# Carlos Arroyo



## plop (Mar 17, 2004)

Does Carlos Arroyo have any chance of being drafted in the expansion draft by the Bobcats??? ( I hate the name it makes me sick:sour: :uhoh:  ).


----------



## Turkish Delight (Mar 17, 2004)

He's a keeper for the Jazz..


----------



## butr (Mar 23, 2004)

> Originally posted by <b>jcintosun911</b>!
> He's a keeper for the Jazz..


An FA.


----------



## MJG (Jun 29, 2003)

Three possibilities, depending on his contract status:

1. He's a FA, Utah can't protect him, Charlotte can't pick him.

2. He's signed for next year, Utah protects him, Charlotte can't pick him.

3. He's signed for next year, Utah doesn't protect, Charlotte takes him (without a doubt).


----------



## Sánchez AF (Aug 10, 2003)

HE'S F.A. SO NO

he's a great role player


----------



## Jockrider (Jun 25, 2003)

He is a RFA


----------



## RetroDreams (Jun 9, 2002)

> Originally posted by <b>Jockrider</b>!
> He is a RFA


No, he is an unrestricted free agent according to everything I've read therefore he will not be eligible to be selected by the Bobcats.


----------



## JazzMan (Feb 26, 2003)

> Originally posted by <b>RetroDreams</b>!
> 
> 
> No, he is an unrestricted free agent according to everything I've read therefore he will not be eligible to be selected by the Bobcats.


I thought he was unrestricted until I read something the other day. I think it was in the Salt Lake Tribune, and they said he was restricted. Who knows which is right??


----------



## Storyteller (Dec 31, 2002)

> Originally posted by <b>JazzMan</b>!
> 
> 
> I thought he was unrestricted until I read something the other day. I think it was in the Salt Lake Tribune, and they said he was restricted. Who knows which is right??


Any player with 3 years or less of service can be given a qualifying offer and become a restricted FA.

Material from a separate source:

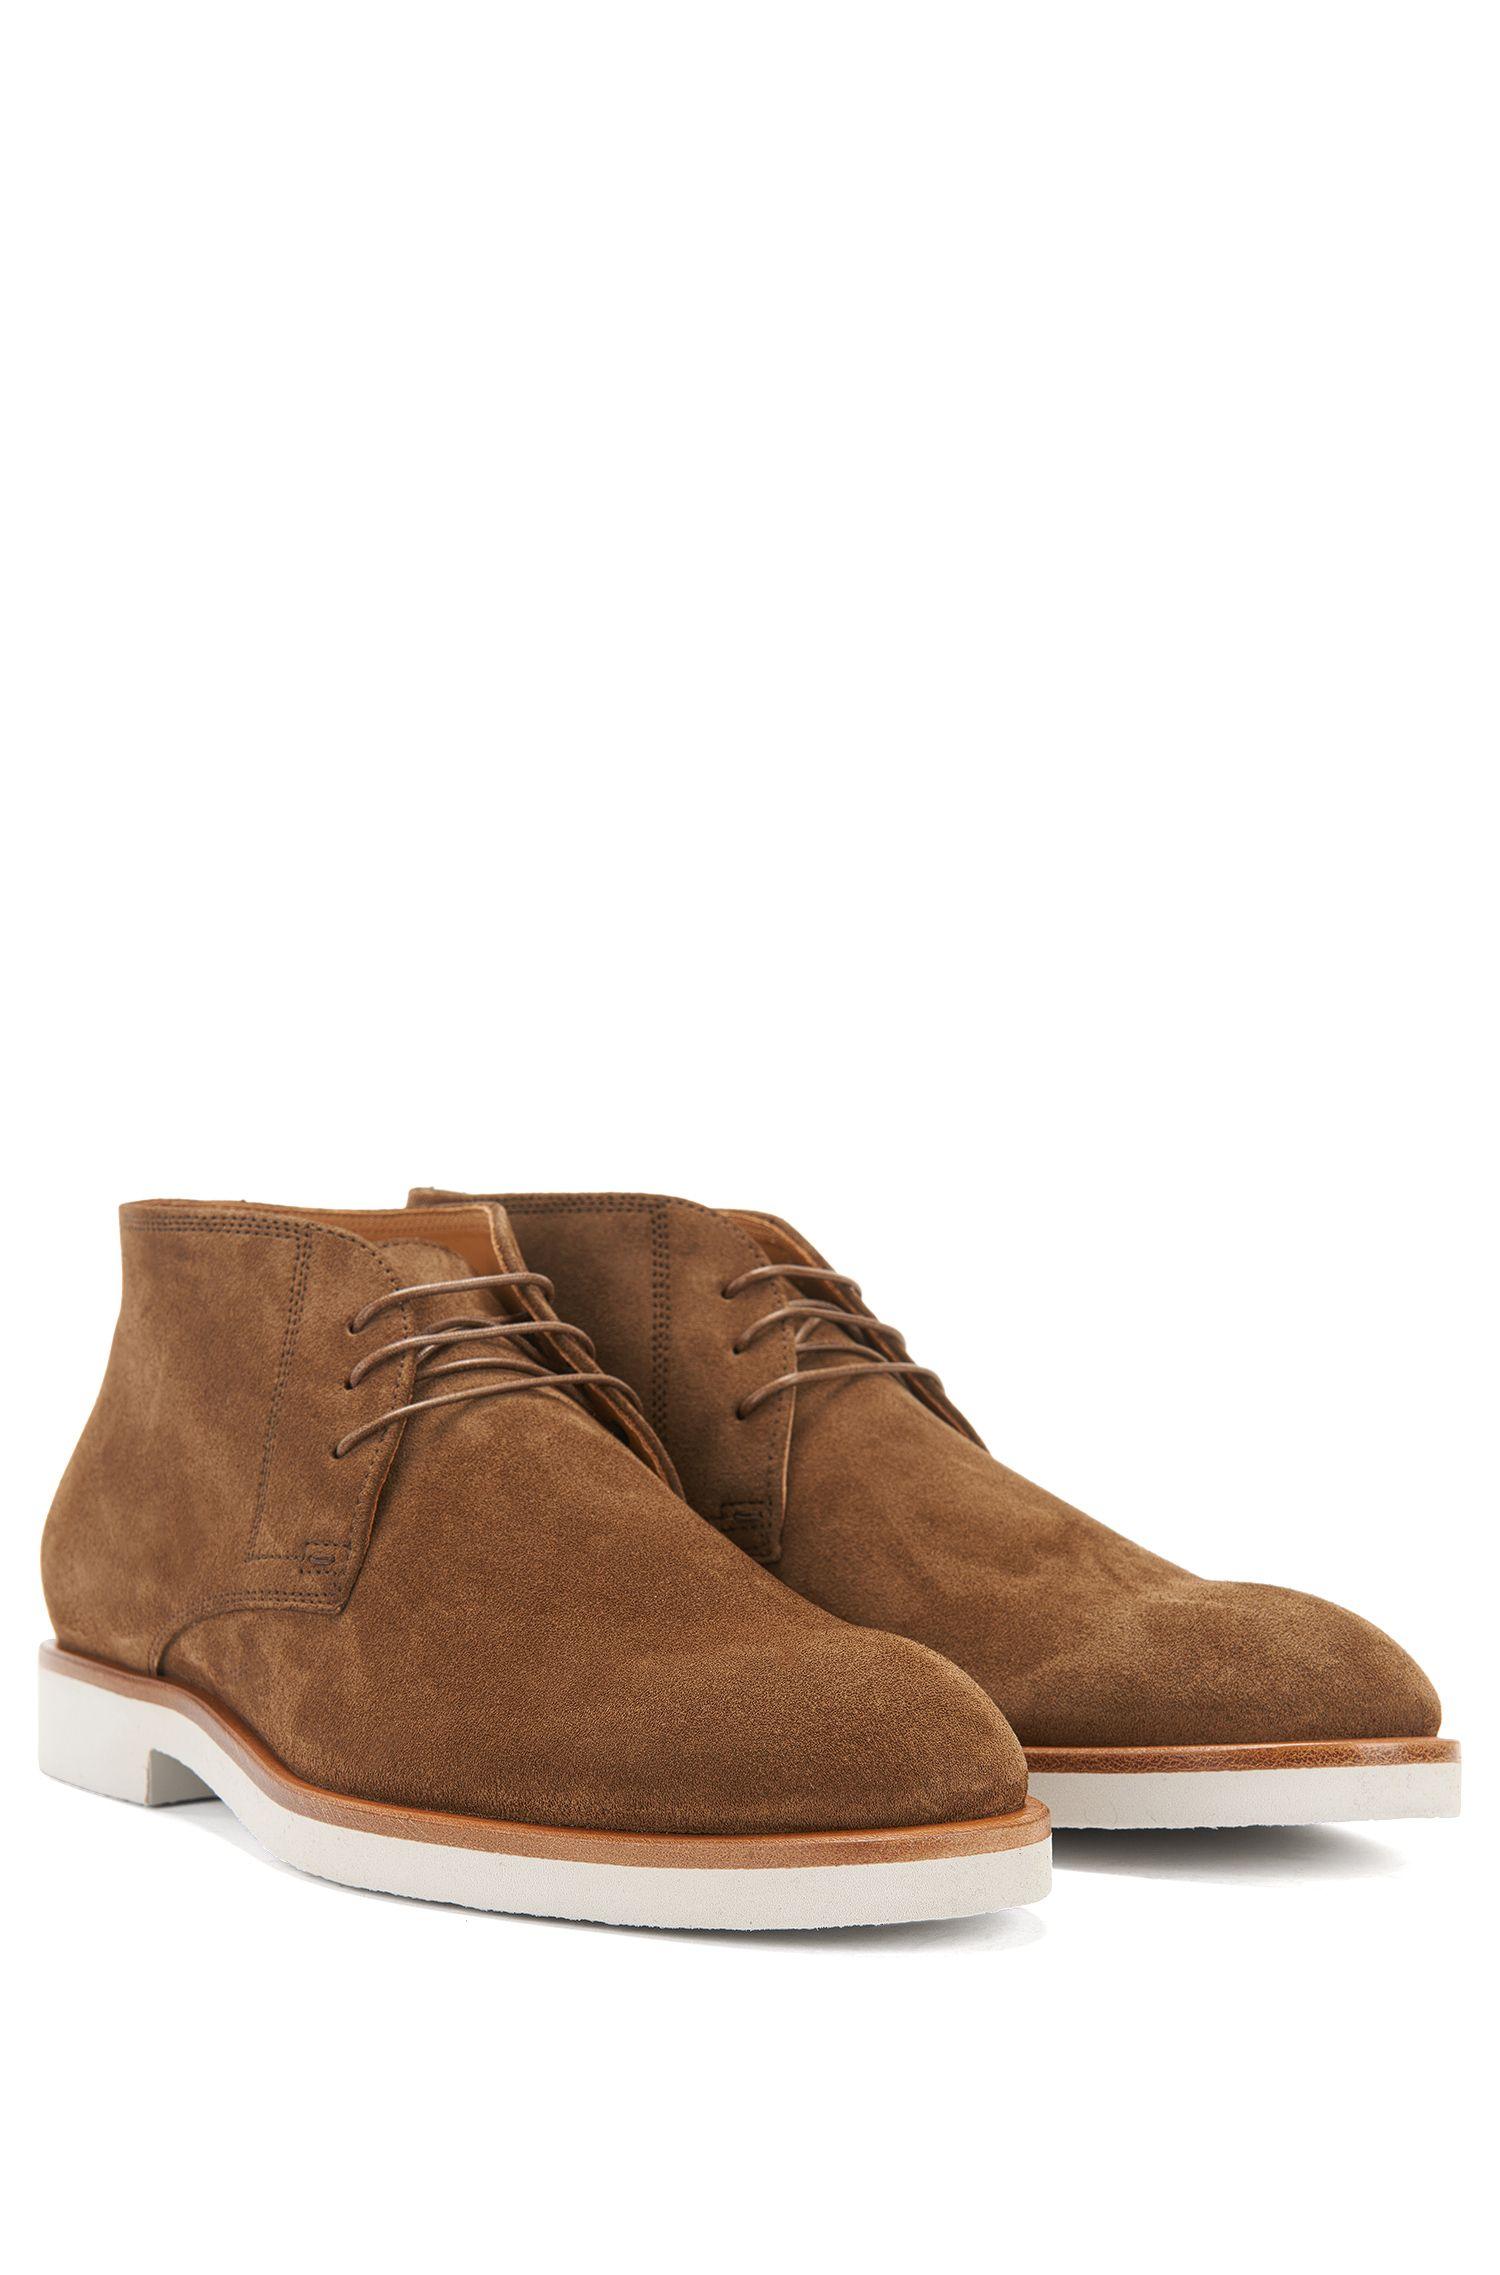 Suede desert boots on a cr</ototo></div>                                   <span></span>                               </div>             <div>                                     <div>                                             <div>                                                     <div>                                                             <div>                                                                     <div>                                                                             <div>                                           Translate                                        </div>                                                                             <ul>                                                                                     <li>                                             English                                         </li>                                                                                     <li>                                             Spanish                                         </li>                                                                                     <li>                                             Chinese                                         </li>                                                                                     <li>                                             French                                         </li>                                                                                     <li>                                             German                                         </li>                                                                                     <li>                                             Korean                                         </li>                                                                                     <li>                                             Lao                                         </li>

Arroyo has played 3 years, so he fits into this category. I believe that the expansion draft considers him a RFA.


----------



## Rednecksbasketball (Dec 18, 2003)

If the Jazz make him a quailfing Offer before June 30th(I think thats the date, it might have changed from last year), then he is a restricted free agent. the Jazz can protect a restricted free agent. if they leave him unprotected, and he is drafted by the bobcats, he becomes an unrestricted free agent, and may sign with any team except the Jazz.


----------